Thursday, January 12, 2012

Fourth, Seventh, and Eighth Directives

The EU’s Fourth Directive, issued in 1978, may be the broadest and most comprehensive set of accounting rules inside the EU framework. Both public and private corporations above certain minimal size criteria have to comply. Fourth Directive needs apply to individual business accounts and consist of format guidelines for monetary statements, disclosure requirements, and valuation rules. The true and fair view will be the overriding requirement and holds for footnote disclosures just as it does for financial statements. The Fourth Directive also calls for that monetary statements be audited. It aims to guarantee that European businesses disclose comparable and equivalent facts in their monetary statements.
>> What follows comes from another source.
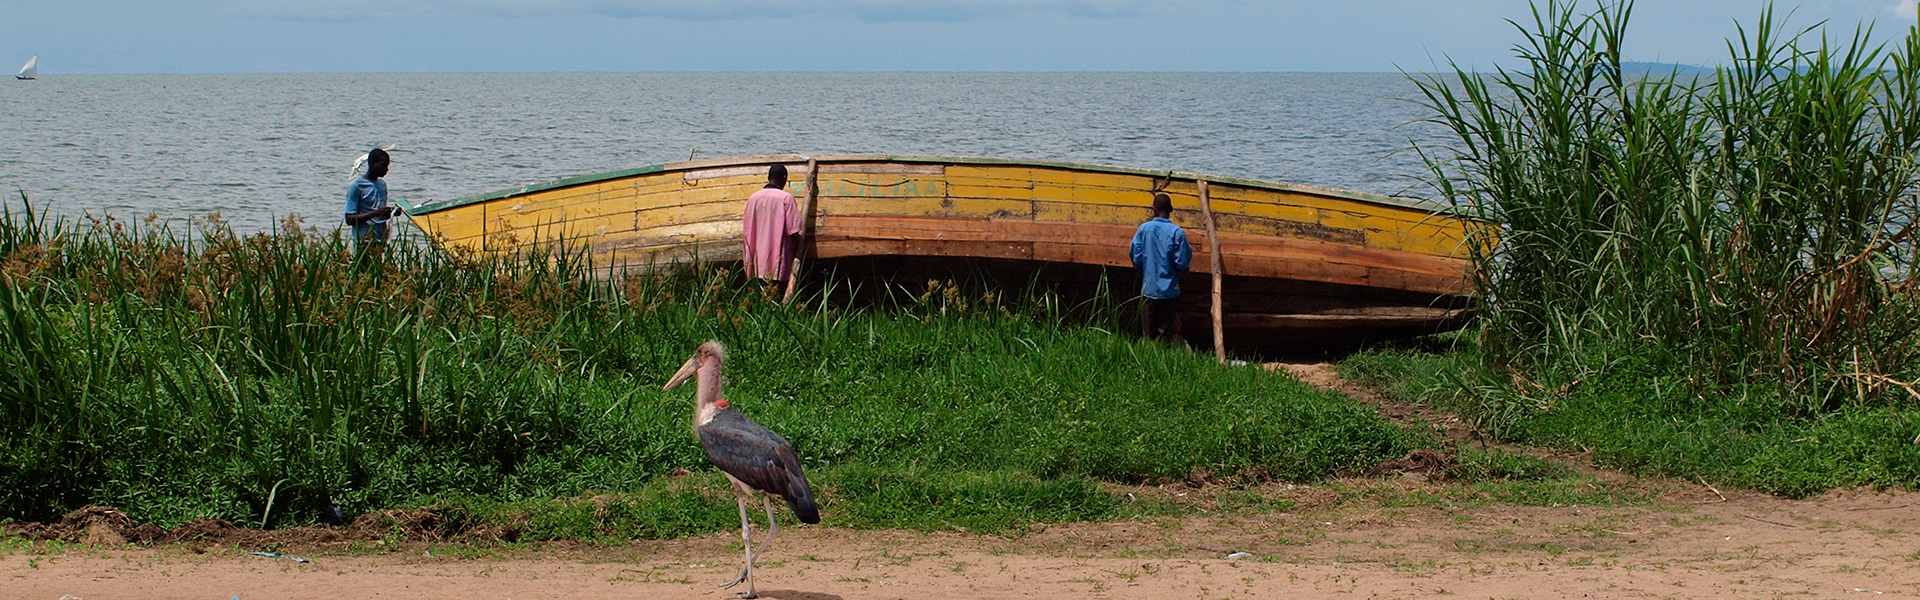 tanzania-fishery-beach-boat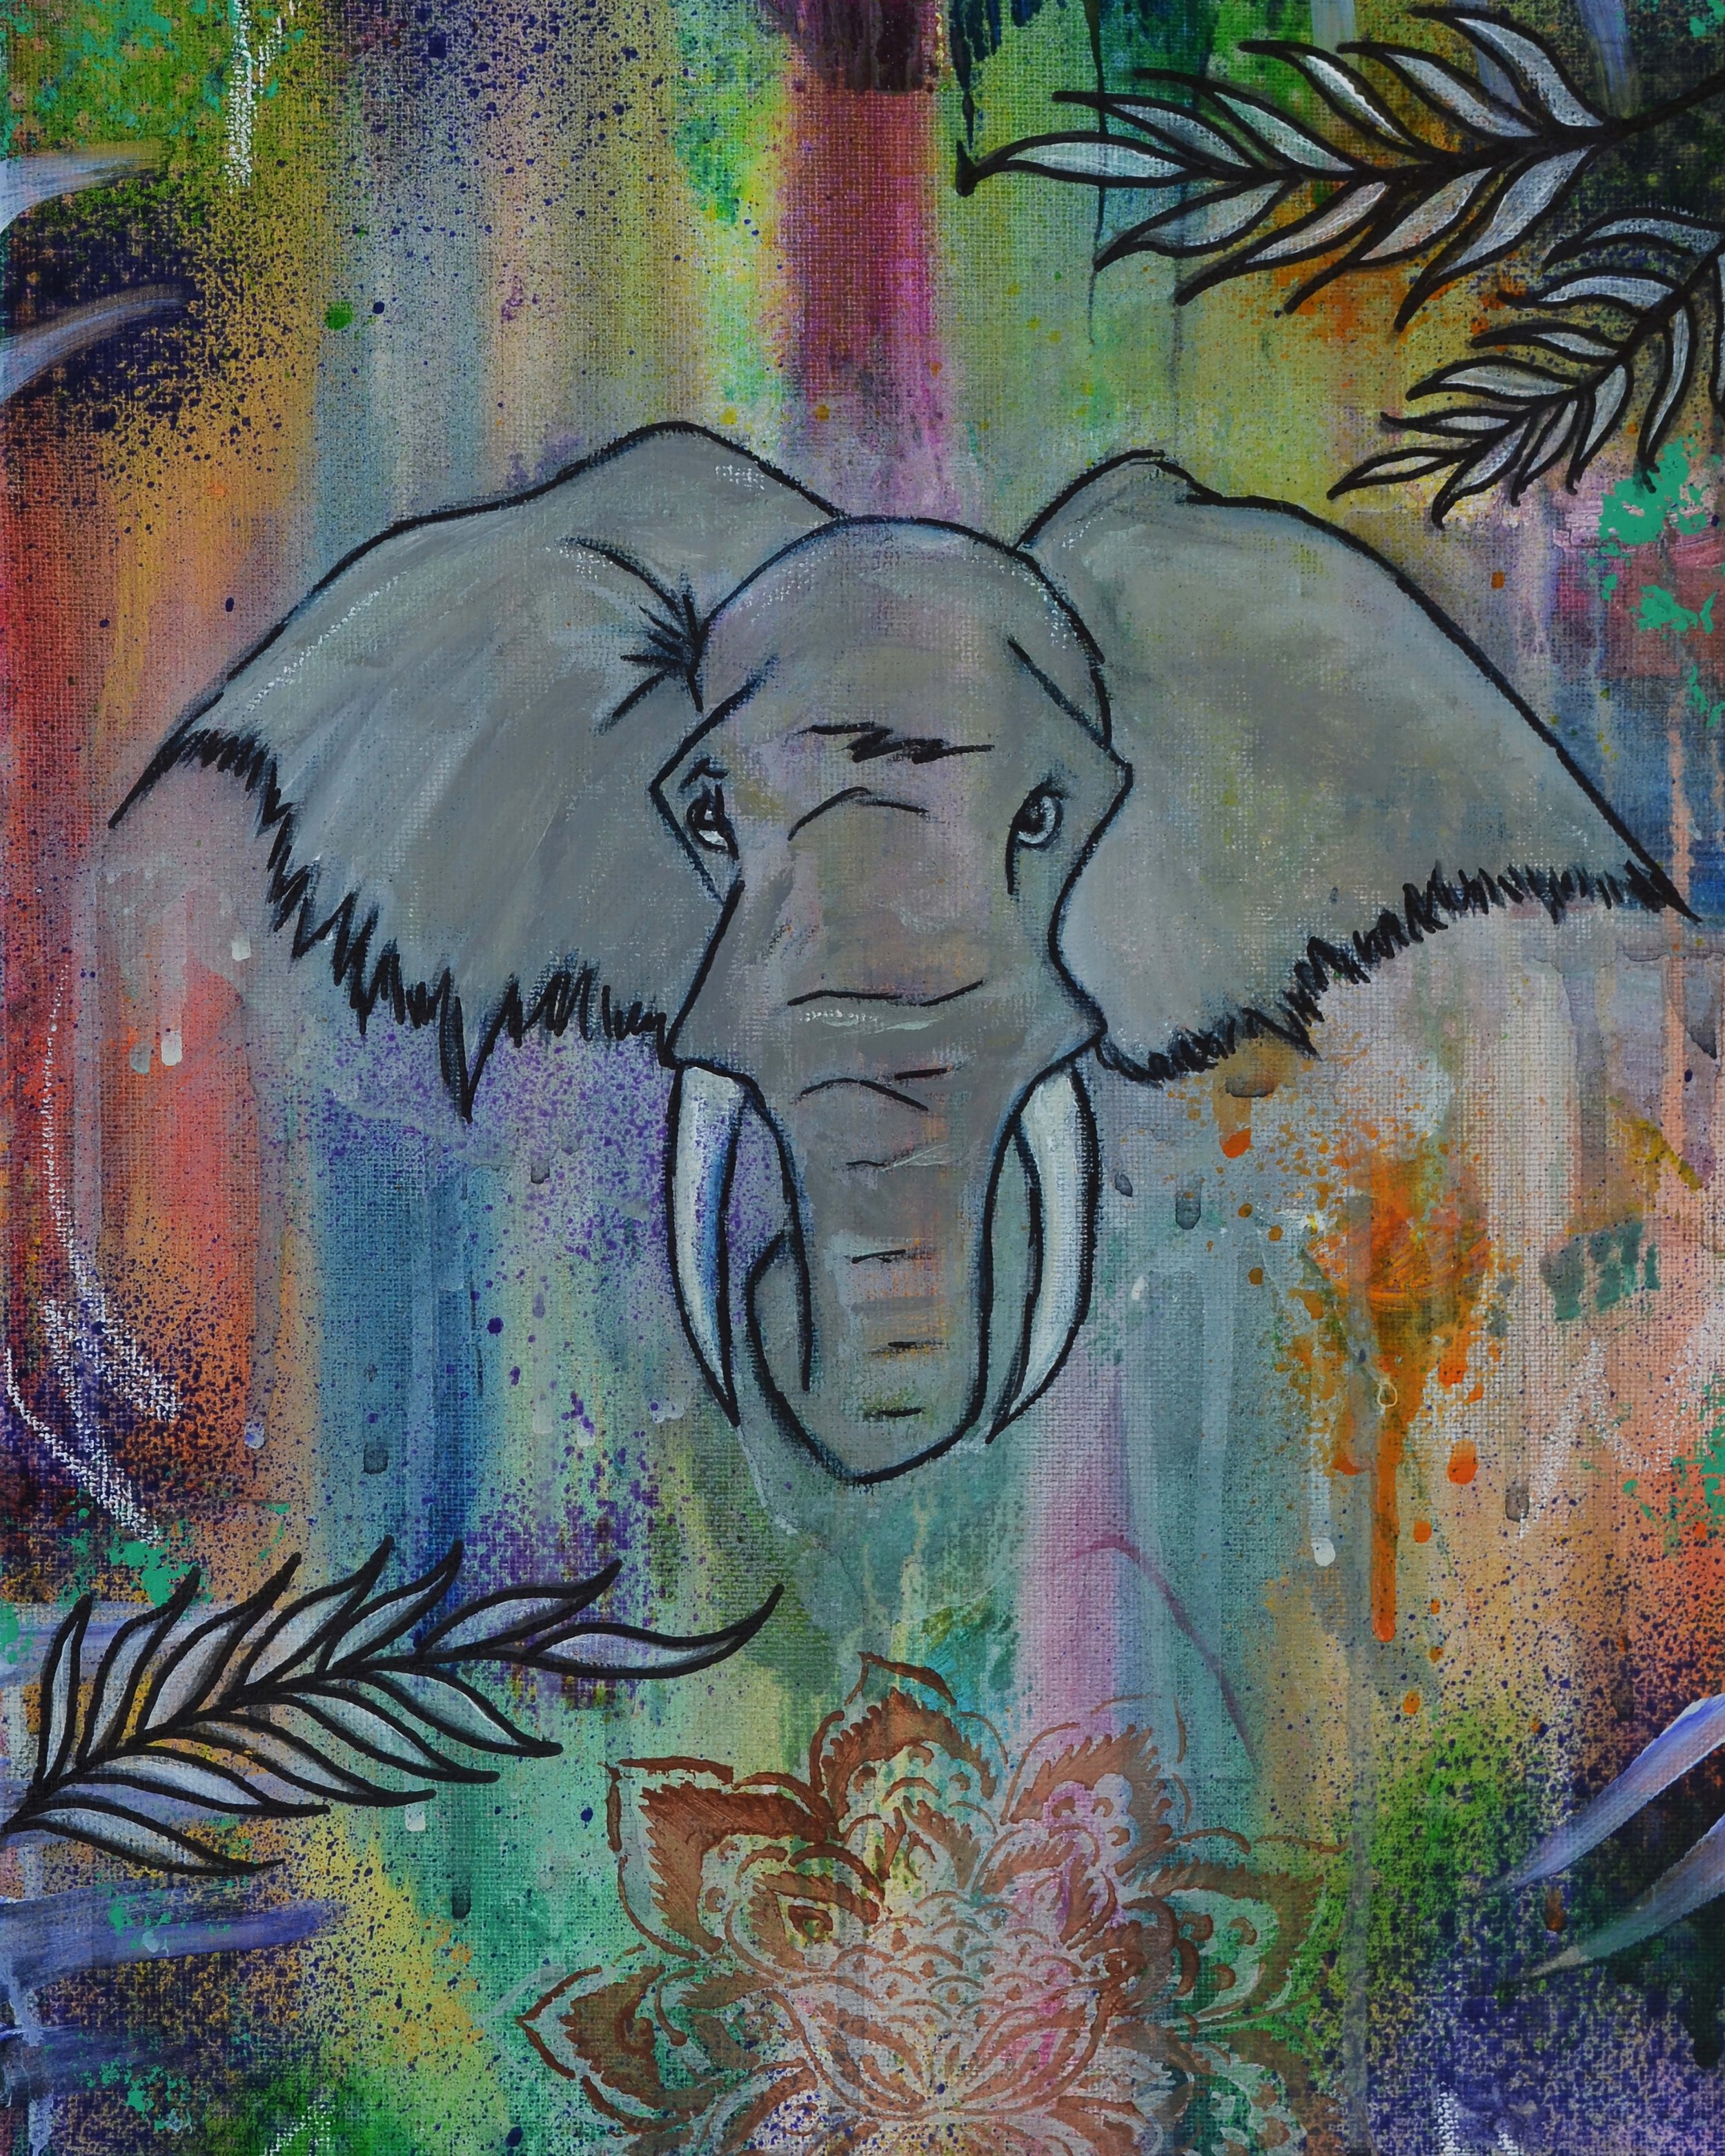 Elephant - 8x10 - Animal Magic - 2022 painting.jpg

Fourth, Seventh, and Eighth DirectivesThe Seventh Directive, issued in 1983, addresses the issue of consolidated monetary statements. In the time, consolidated monetary statements had been the exception instead of the rule. They were the norm in Ireland, the Netherlands, plus the United Kingdom, and Germany needed consolidation of German subsidiaries (only). Elsewhere in Europe consolidated statements had been rare. The Seventh Directive needs consolidation for groups of providers above a particular size, specifies disclosures in notes as well as the directors’ report, and calls for an audit. As a result of the newness of consolidations as a legal requirement, member states had been given wide latitude and many solutions for incorporating the Seventh Directive into their individual national company laws.

The Eighth Directive, issued in 1984, addresses a variety of aspects of the qualifications of specialists authorized to carry out legally required (statutory) audits. Essentially, this directive lays down minimal qualifications for auditors. It covers specifications for the education and education of auditors and independence. The Eighth Directive was substantially amended in 2006 and is now referred to as the Statutory Audit Directive. The new directive can be a response to accounting scandals involving European companies like Parmalat, the Italian dairy firm, and Ahold, the Dutch grocery chain, as well as for the American accounting scandals involving WorldCom, Global Crossing, and Enron, and other individuals. It consists of requirements for the appointment and removal of auditors, audit standards, continuing qualified education, auditor rotation, and public oversight. It requires that all statutory audits in the EU observe International Standards on Auditing (discussed later). Among its extra crucial provisions is 1 requiring every single member state to establish a public oversight body for the audit profession plus the establishment of the European Group of Auditors’ Oversight Bodies (EGAOB) to coordinate their activities.